By John Damien
04/17/07
InformationClearingHouse
The surge of stupidity in Baghdad continues with predictable results. Lots of casualties, a displacement of violence to the outskirts of the capital, no improvement in the security situation. If anything, the situation has deteriorated even more quickly in the last month than before. The signal event was last week's Green Zone bombing.
If there was any lingering doubt, that bombing clarified the situation; the US controls nothing in Iraq.
The surge isn't going to work because it was wrong to begin with. The first rule for an occupier fighting an insurgency is that you can't win by killing insurgents. Killing insurgents is easy and makes it feel like you are doing something, but its a trap.
Since the occupiers can't tell the difference between the insurgents and their neighbors, there is a lot of collateral damage. That collateral damage breeds opposition, polarization and more insurgents. That's why the first rule for resiting an occupation is to provoke the occupier.
The ignorance of American soldiers, especially their total lack of ability to communicate in Arabic, makes this task easier.
The way to defeat insurgents is not by killing them but by starving them. They cannot exist without arms, resources, community support and safe hiding places. Starve them of these and they wither.
Of course addressing these types of factors tends to build a more efficient and relevant central government. Most people will choose a competent government they don't like over the chaos of a guerilla war no matter how much they agree with the guerillas.
But occupiers rarely want to build a competent local government. They want puppets who take orders. The evident illegitimacy of such regimes helps fuel the resentment of the otherwise non-ideological population.
In Iraq, the illegitimacy of the central government is magnified by the obvious fact that various Shia political parties and their militias have taken over whole ministries. For a Sunni in Anbar Province to view the central government as anything but a mortal danger would be irrational.
The central government is run by people on the other side of the civil war. They use the cover of government and the support of the US to kill Sunnis. The government can't control the militias because the government is the militias.
This crystal clear central fact is the one thing the US military, political and media have collectively, almost pathologically, denied. Its not just George Bush who lives in a bubble. The rest of America does too.
Opposition to the war in America is based on its obvious failure. “Nice try, but it didn't work. Let's get out.” But it wasn't a nice try. It could never have worked.
The war didn't fail because of George Bush's incompetence. It failed because it was criminal and stupid to begin with.
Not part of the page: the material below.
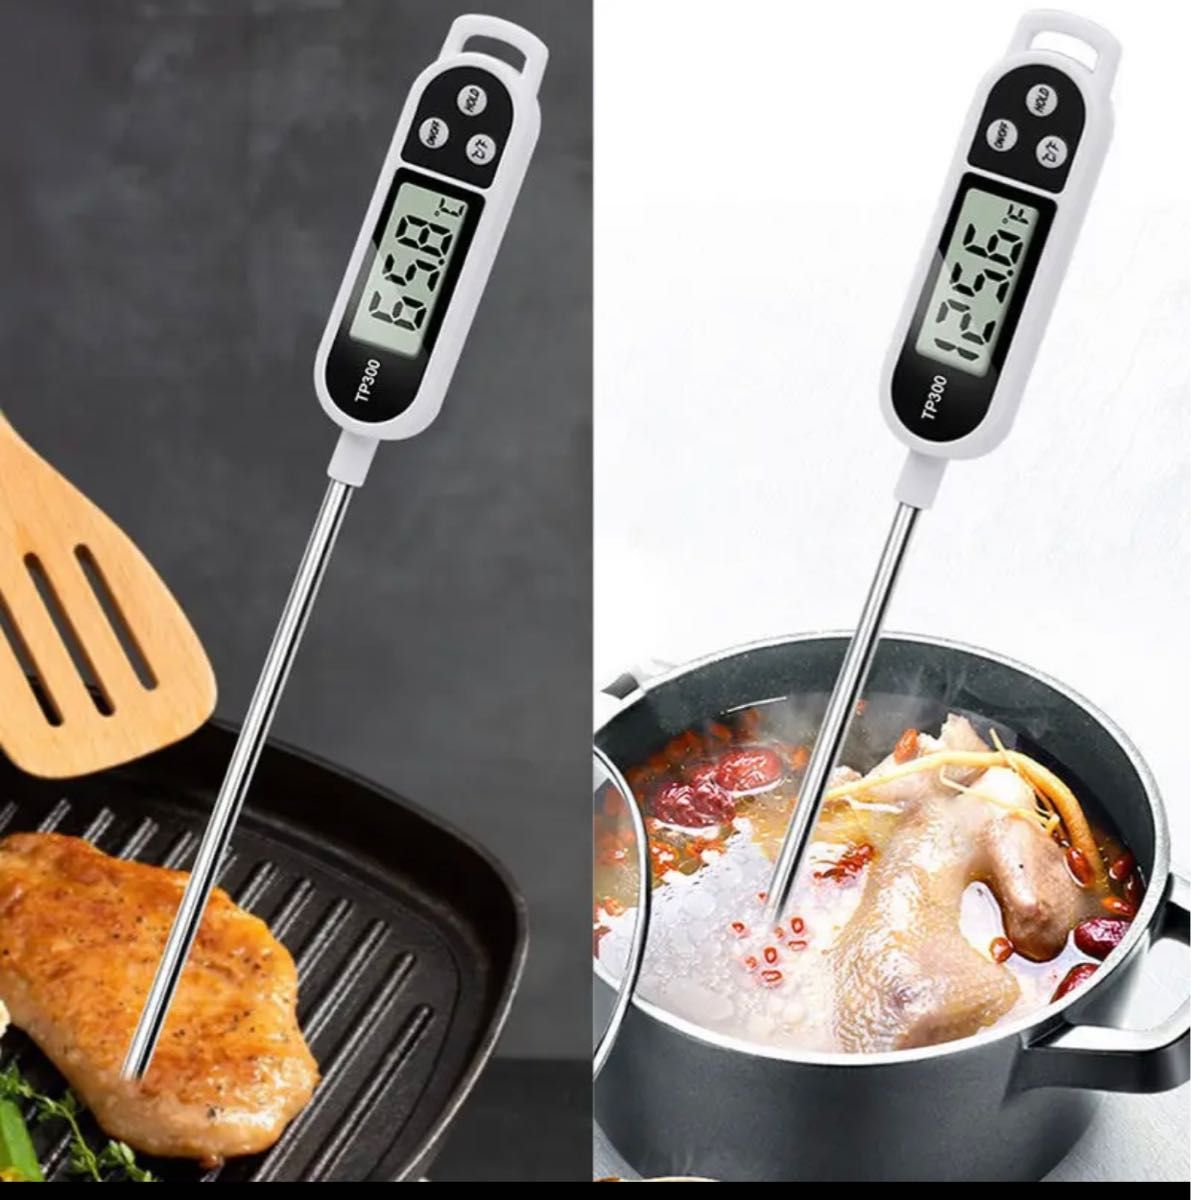 クッキング温度計 キッチン ミルク 料理 揚げ物 調理 食品温度計 料理用温度計
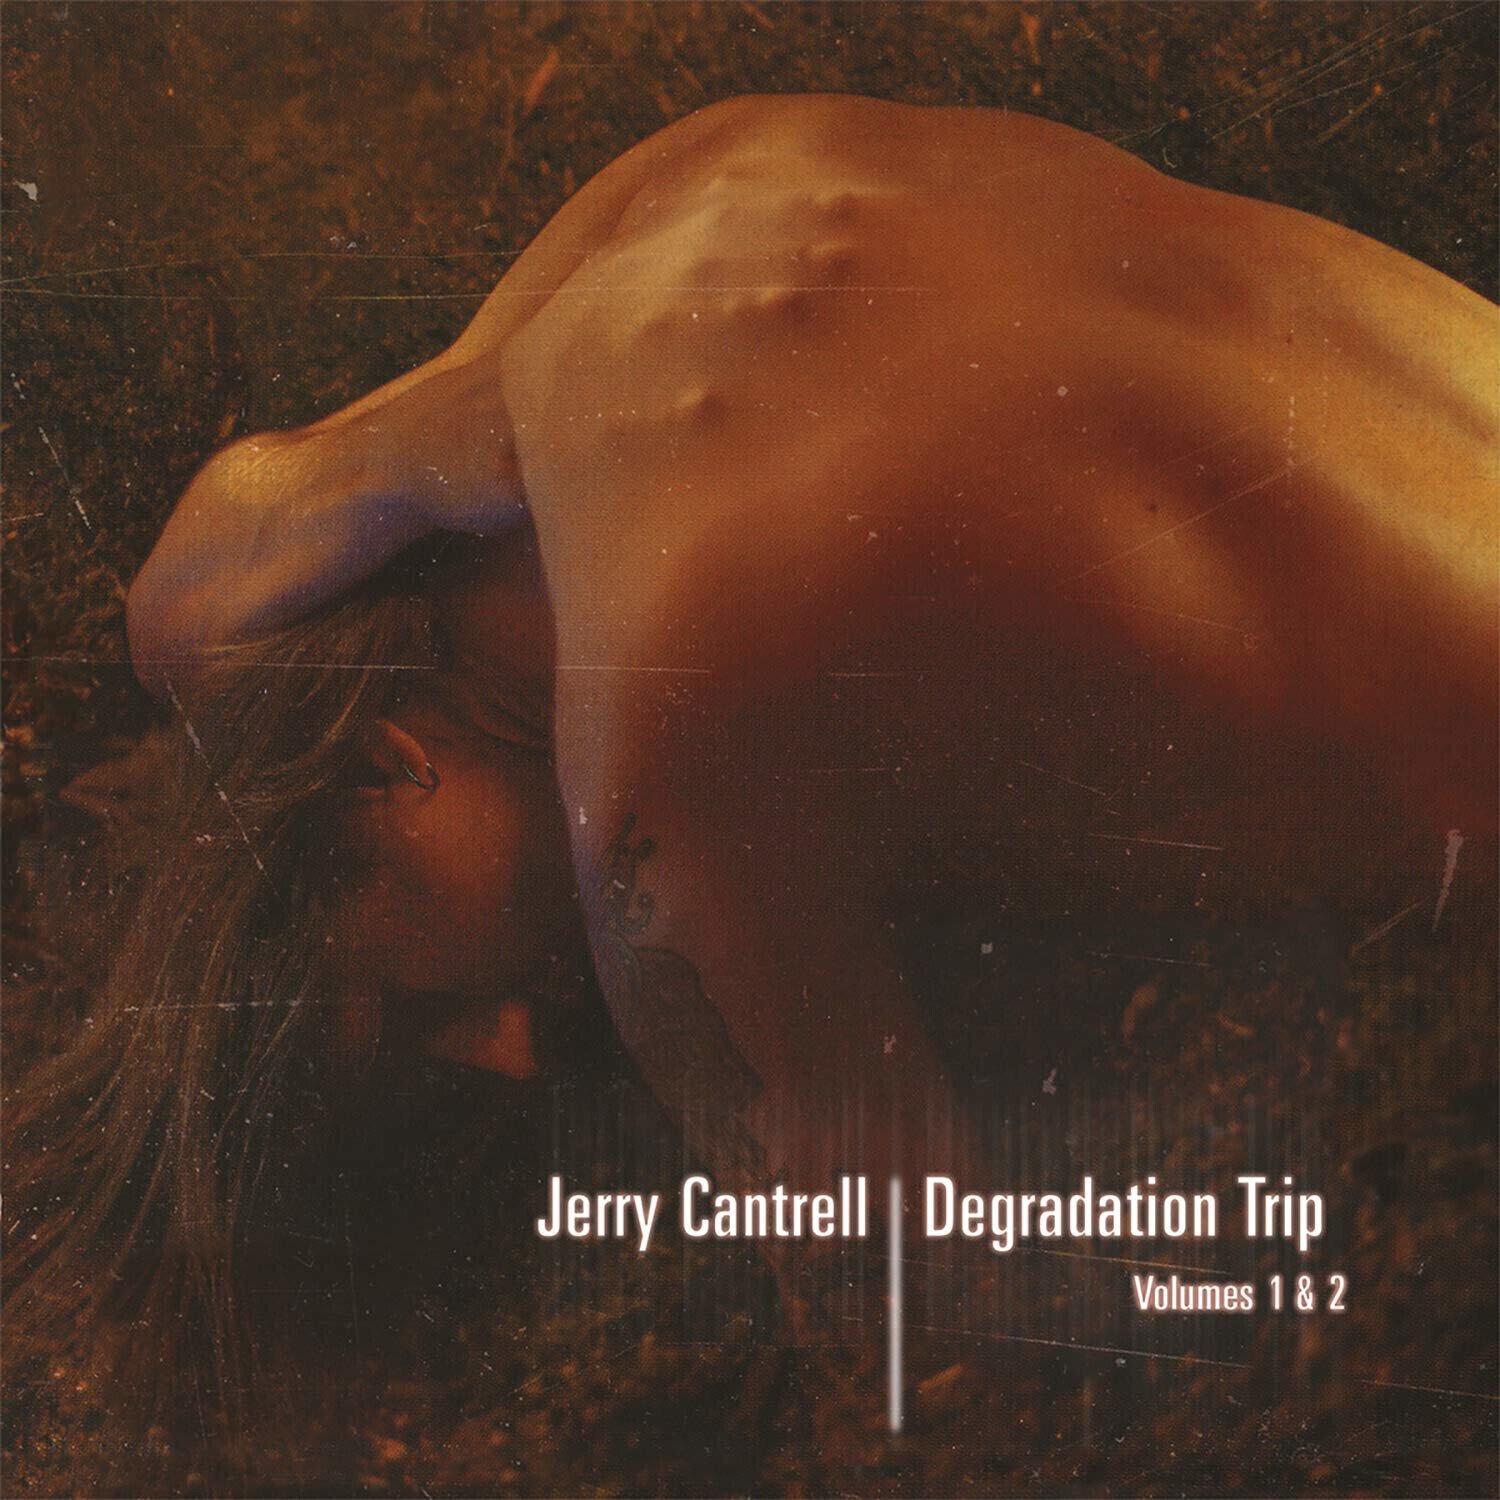 Vinylplade Jerry Cantrell - Degradation Trip 1&2 (4 LP)

It failed because the US did not learn anything from its defeat in Vietnam. Or its defeat in Lebanon. Or its defeat in Somalia.
In each case, the US was defeated by smarter, more capable and more motivated enemies who attacked the lumbering giant in political weak spots.
And so, the surge will fail. The surge is part of the problem, not part of the solution. There is no way to “win” militarily. This is a political struggle and it will have a political solution. Militarizing the struggle only makes things worse.
As long as the US resists this truth, the Iraq catastrophe will continue. As long as this otherwise great country continues to make the same, sad mistakes, innocent people will continue to die and Americans will wonder why they are hated.